The first part of the test-functions file is a set of check functions. These work the same as those used in older exercises. The only difference is that the underlying procedures check for failure instead of a true state. These check functions take the opposite of that result, and thus work by ensuring that the false outcome does not hold. The reason for this will be clearer in a moment, but for now let’s compare a few of the failure and check functions.

(define (fails-equ? expected observed)
  (if (equ? expected observed)
      false
      (format "FAILURE: ~a is not equ? to ~a." observed expected)
      )
  )

(define (fails-=? expected observed)
  (if (= observed expected)
      false
      (format "Check = FAILED.  Expected ~a but was ~a." expected observed)
      )
  )

(define (fails-equal? expected observed)
  (if (equal? expected observed)
      false
      (format "Equality FAILED. Results were : ~a." observed)
      )
  )
  
(define (check-equal expected observed) (not (fails-equal? expected observed)))
(define (check-= expected observed) (not (fails-=? expected observed)))
(define (check-equ expected observed) (not (fails-equ? expected observed)))

These three functions check similar operations, and consequently they have a similar format. There is an if statement that uses the particular function for the check, and works with an ‘expected’ and ‘observed’ argument. They all vary in the way that non-failure is reported; you can decide what the merits and failings of each style is. (Note that the check functions don’t use this report, they only return a true or false; the reports will be used elsewhere).

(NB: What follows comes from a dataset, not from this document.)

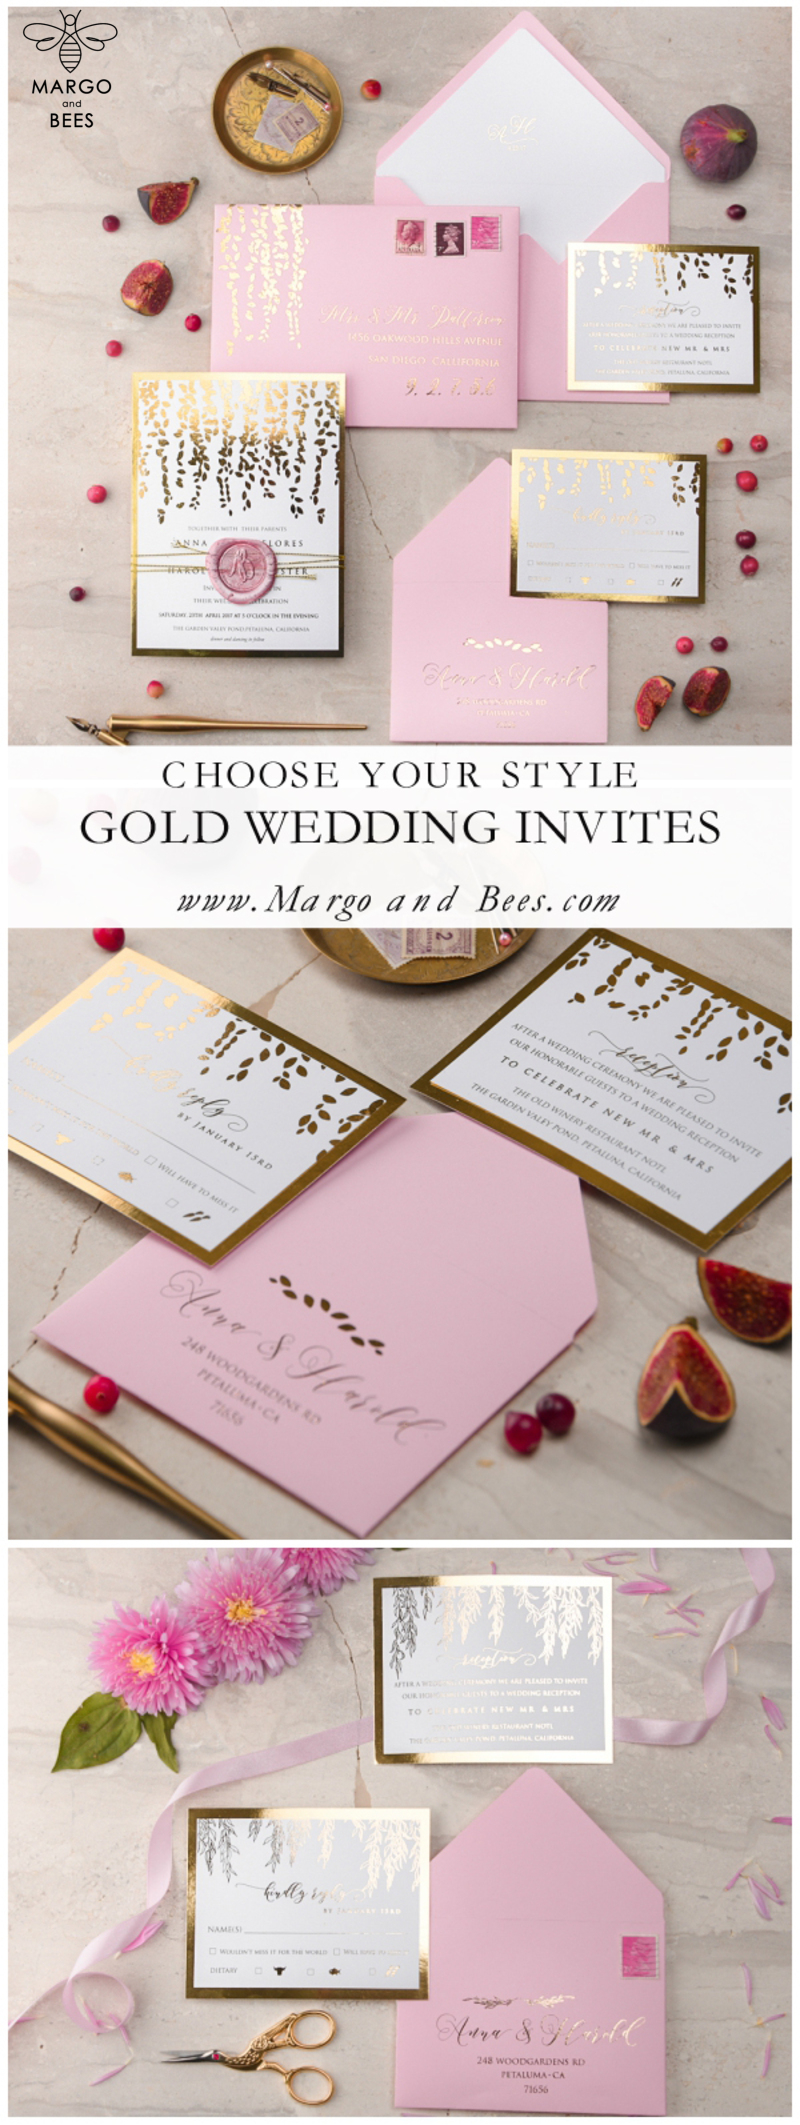 luxory wedding invitations, shiny glitter style invites, elegant romantic wedding invitation suite-8

Using true-false check functions is the same thing we’ve done before. They determine whether we have the correct answer or the wrong one. However, very often the problem in our code causes an error to occur, stopping execution immediately. That means it’s only possible to look at one problem at a time, and each issue must be fixed in sequence before continuing. That can make it tougher to figure out exactly what is going wrong, especially in a more complex system. To get around that problem, we need a different sort of function. This new type of function I’ve named using test to distinguish them from the check functions.

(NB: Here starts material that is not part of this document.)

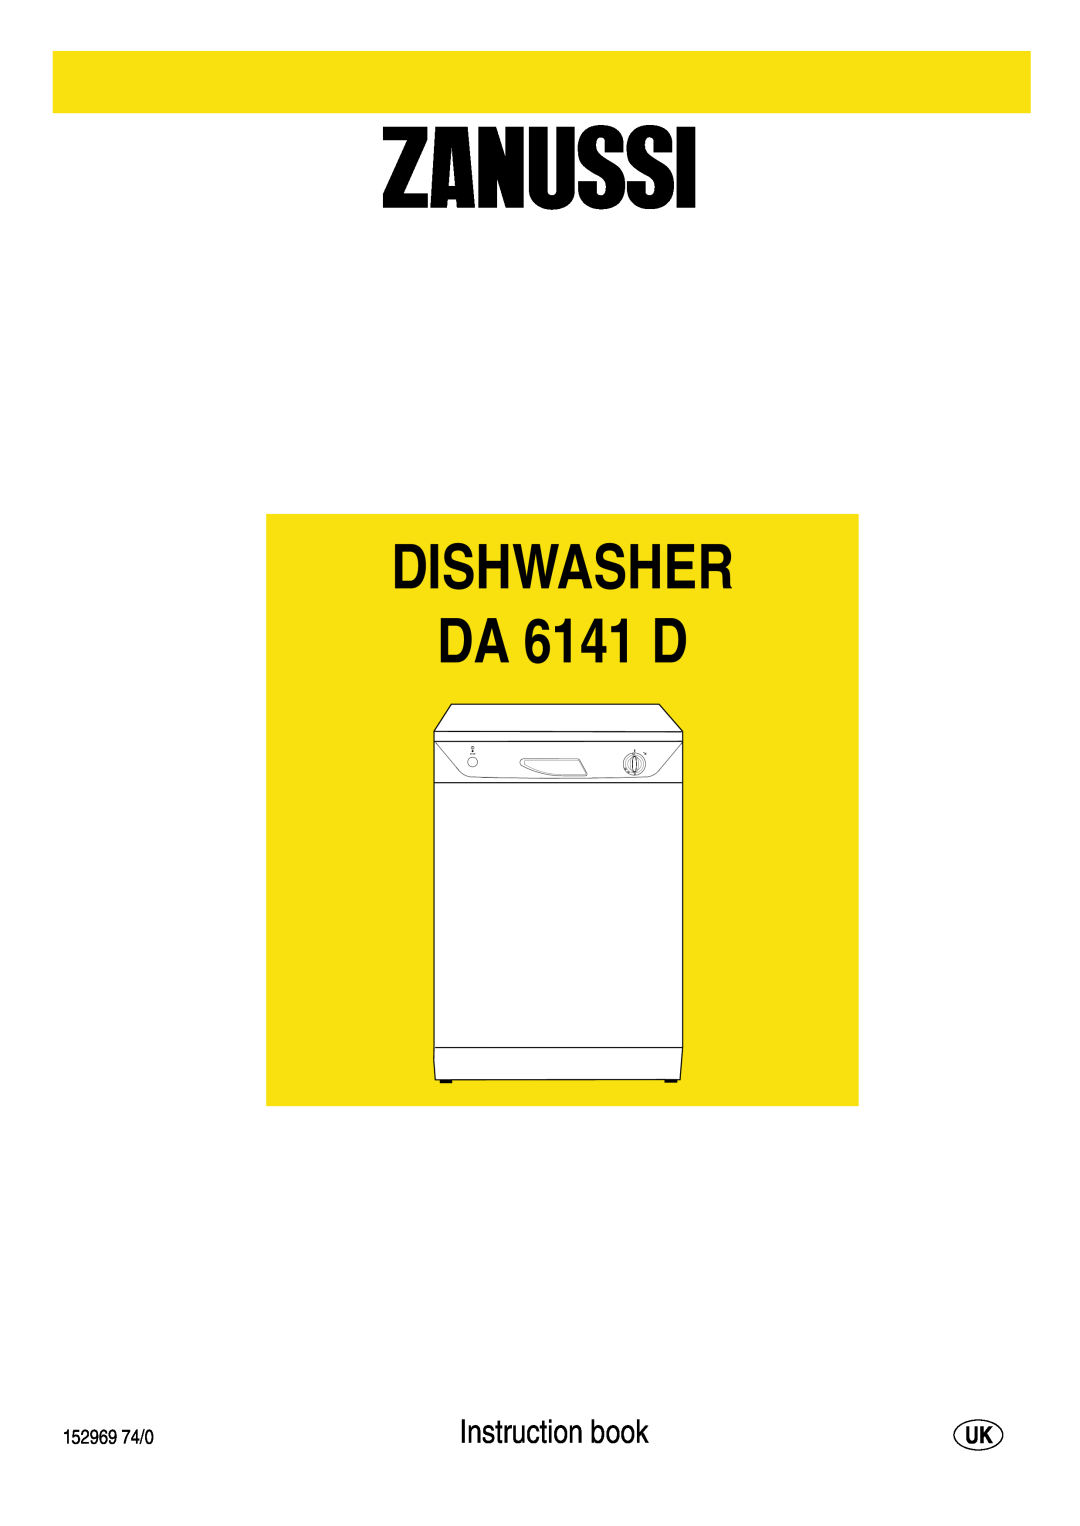 Zanussi manual DISHWASHER DA 6141 D, Instruction book

(define (test-equal observed expected . nameargs)
  (let ((testname (if (null? nameargs) "test-equal" (car nameargs)))
        )
  	  (exec-test fails-equal? observed (list expected) testname)
  	  )
  )
  

This is a test function for equality. The first line assigns testname from nameargs, or uses a default name of test-equal if nameargs is empty. This allows the test name to be optional. We then call a function exec-test to actually perform the test. The second argument, the expected value, is passed via a list, and we use the same failure-checking function for equal? that check-equal had.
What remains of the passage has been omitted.